What This Says About AI-Assisted Development

I didn’t write the code. That’s the headline, and it’s true. But it’s also misleading if you stop there.

I provided the specifications that made the code possible. I read the hardware manuals that Claude couldn’t fully interpret. I validated every output against my own knowledge of these machines — knowledge built from decades of using them, not from a training set. I caught errors that the AI couldn’t see. I made architectural decisions about what to build and why. I chose the language, the approach, and the scope.

The AI was the most productive pair programmer I’ve ever worked with. It wrote Rust fluently, it iterated fast, and it handled the mechanical translation from specification to implementation with remarkable competence. But it couldn’t have built these emulators alone, because it didn’t know what correct looked like. I did.

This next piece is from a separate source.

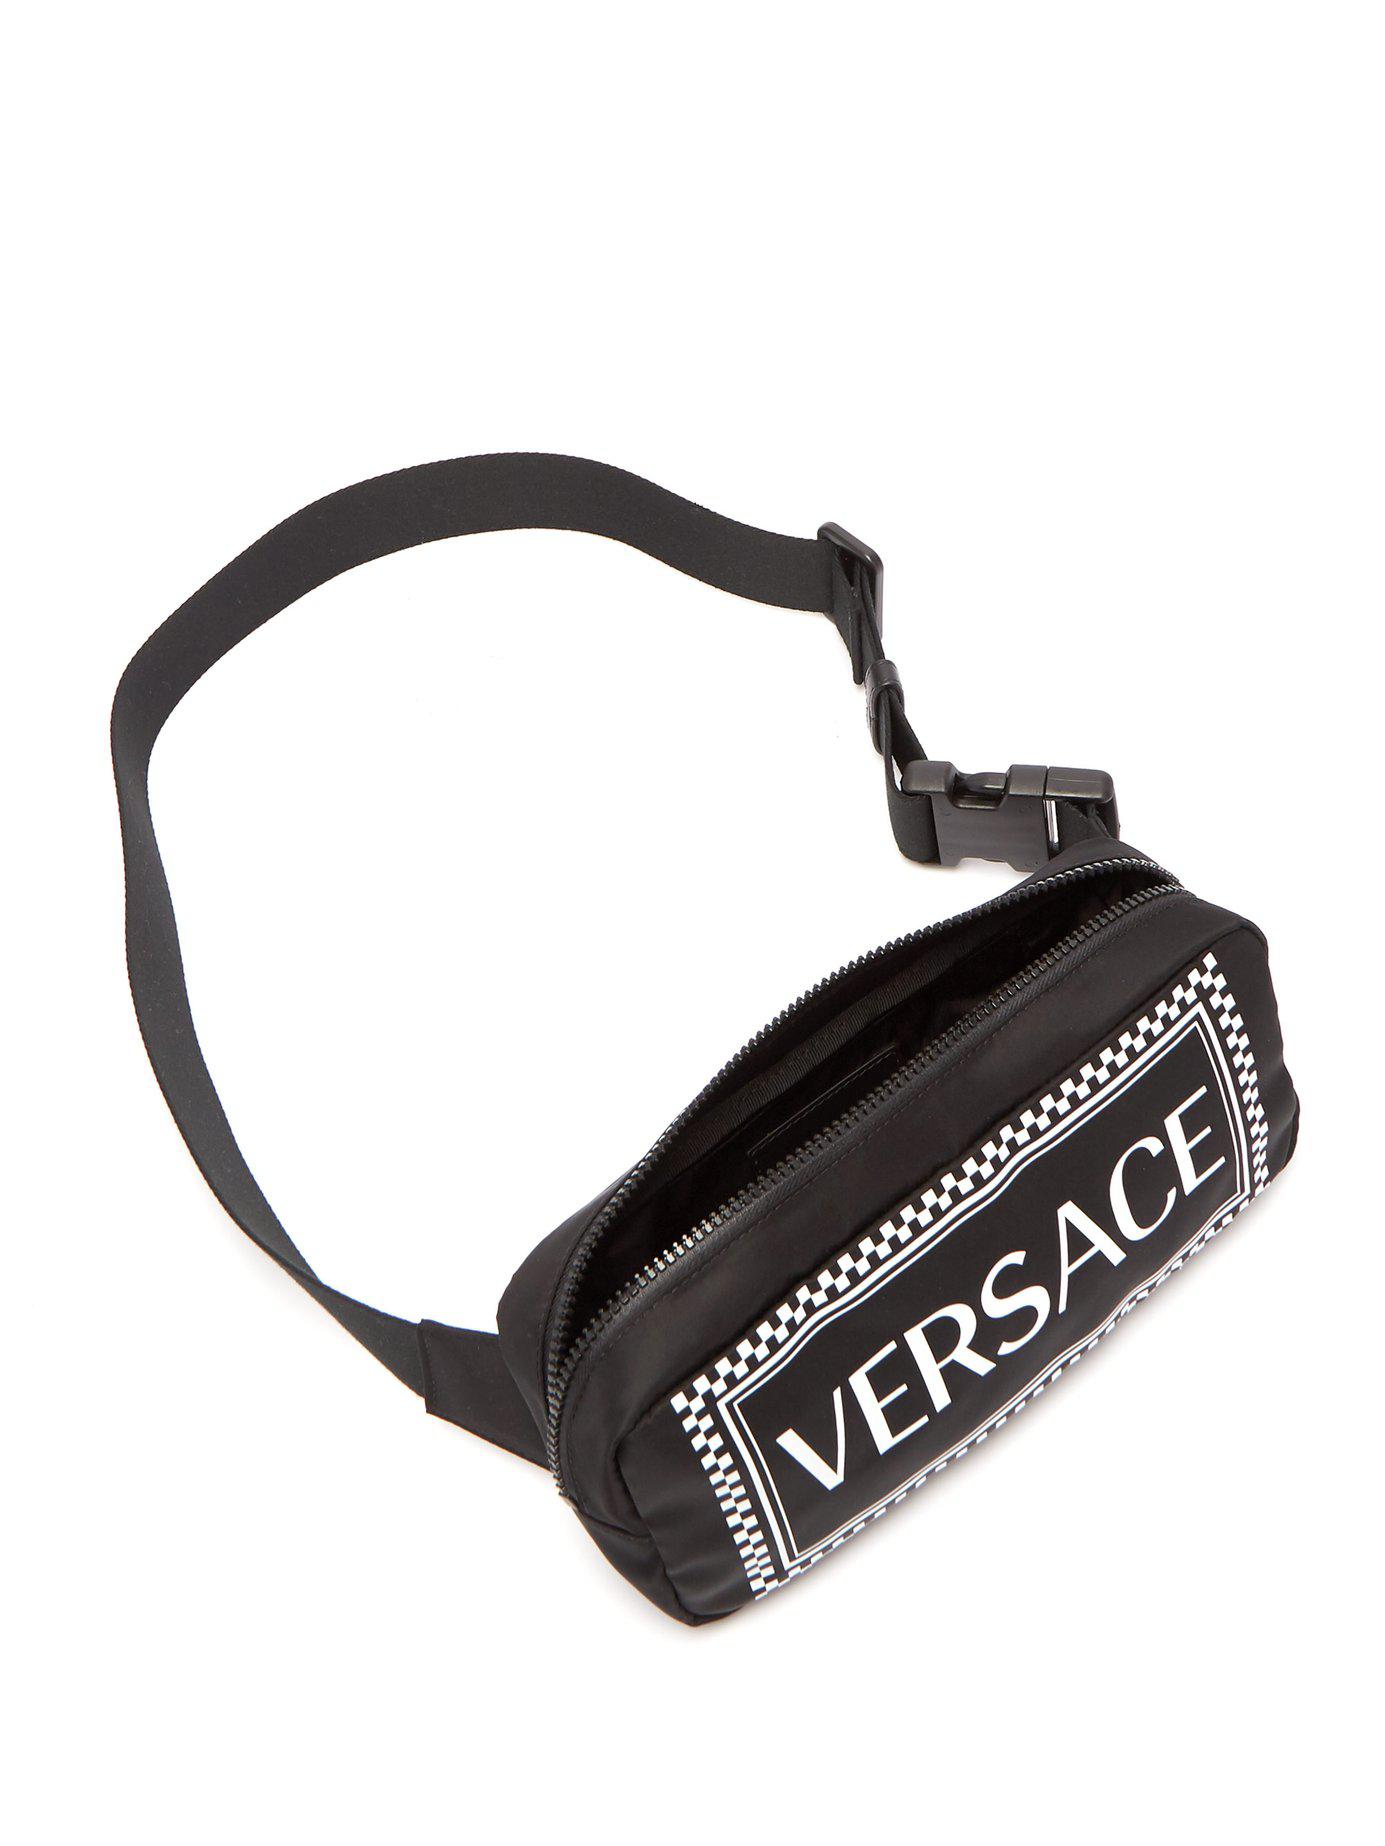 Versace Synthetic Logo Print Nylon Belt Bag in Black for Men - Lyst

The role I played wasn’t programmer. It was architect, domain expert, and quality gate. That combination — deep domain knowledge, clear specifications, and the ability to validate output — is what makes AI-assisted development work for genuinely complex projects. Without it, you get software that’s confidently wrong.

Where It Stands

Four emulators. Four CPU architectures. Cycle-accurate execution, scriptable input, timed capture, MCP integration. Written in a language I don’t know, by an AI I guided, validated against hardware I grew up with.

They’re not finished — more games need testing, edge cases need catching, and the Amiga will probably keep finding new ways to surprise me. But they work. Code198x uses them. And they exist because I needed something that wasn’t there and refused to accept a manual workaround.

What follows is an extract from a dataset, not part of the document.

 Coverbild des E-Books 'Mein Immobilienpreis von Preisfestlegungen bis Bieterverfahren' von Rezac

All four will be released as open source. I’m considering shipping the CPU cores and shared infrastructure as separate crates, so other emulator authors can use them as foundations for their own projects rather than starting from scratch. I’ve built them on macOS, but they’ve been cross-platform from day one — Linux and Windows support is baked in, not bolted on. There’s also a planned WASM build for embedding directly into web pages, though ROM licensing makes that slightly more complicated than just shipping a binary.

More systems are planned. A 6809 CPU core would unlock the TRS-80 CoCo and the Dragon 32 — machines that are underserved by existing emulators and underrepresented in retro programming education. The architecture is designed to make adding new platforms straightforward — the scriptable input, timed capture, and MCP integration are shared infrastructure, not per-emulator work. Each new system needs its CPU, its memory map, and its custom silicon. The tooling around it is already there.

I don’t plan to stop at the 8-bit and 16-bit era. The intention is to keep going into the 32-bit generation and beyond, until the hardware complexity outgrows my ability to comprehend and validate it. That’s the real limit: not what the AI can write, but what I can verify.

The code is Rust. The knowledge is human. The emulators are both.